To solve the problem where \( a^2 + \frac{1}{a^2} = 7 \) and we need to find \( a^3 + \frac{1}{a^3} \), we can follow these steps: ### Step 1: Use the identity for \( a^2 + \frac{1}{a^2} \) We know that: \[ a^2 + \frac{1}{a^2} = \left(a + \frac{1}{a}\right)^2 - 2 \] Let \( x = a + \frac{1}{a} \).
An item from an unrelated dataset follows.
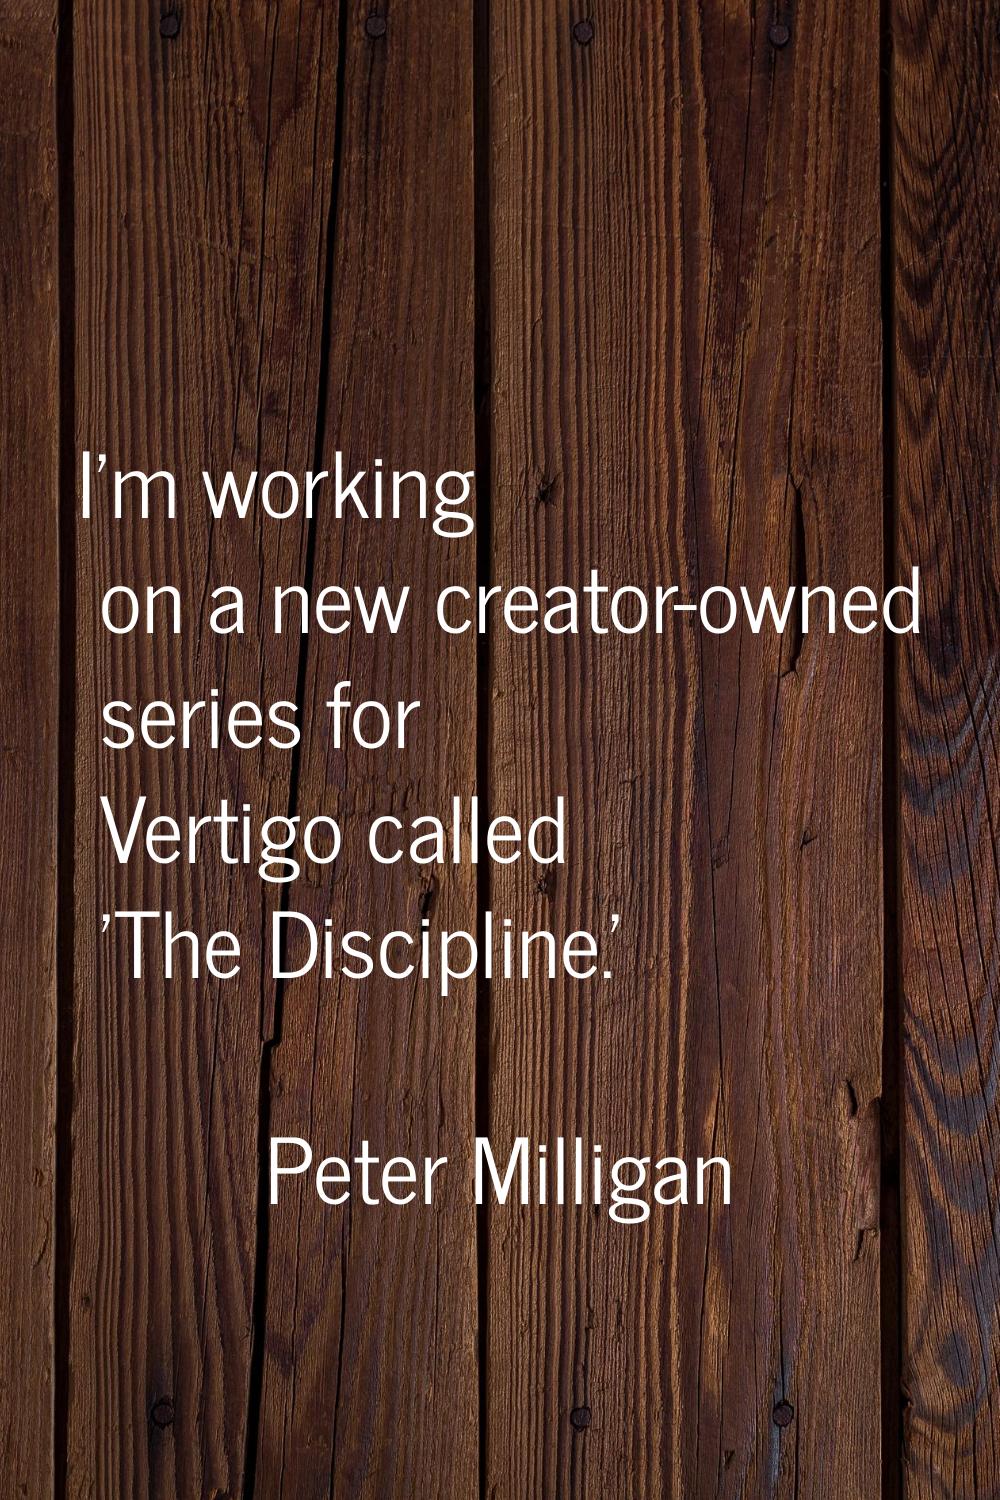 I'm working on a new creator-owned series for Vertigo called 'The Discipline.'

Then we can rewrite the equation as: \[ x^2 - 2 = 7 \] ### Step 2: Solve for \( x \) Rearranging the equation gives: \[ x^2 = 7 + 2 = 9 \] Taking the square root of both sides, we find: \[ x = 3 \quad (\text{since } a \text{ is positive}) \] ### Step 3: Use the identity for \( a^3 + \frac{1}{a^3} \) Now, we can use the identity: \[ a^3 + \frac{1}{a^3} = \left(a + \frac{1}{a}\right)^3 - 3\left(a + \frac{1}{a}\right) \] Substituting \( x = 3 \) into the equation gives: \[ a^3 + \frac{1}{a^3} = 3^3 - 3 \cdot 3 \] ### Step 4: Calculate \( a^3 + \frac{1}{a^3} \) Calculating the right-hand side: \[ 3^3 = 27 \] \[ 3 \cdot 3 = 9 \] Thus, \[ a^3 + \frac{1}{a^3} = 27 - 9 = 18 \] ### Final Answer Therefore, the value of \( a^3 + \frac{1}{a^3} \) is \( \boxed{18} \). ---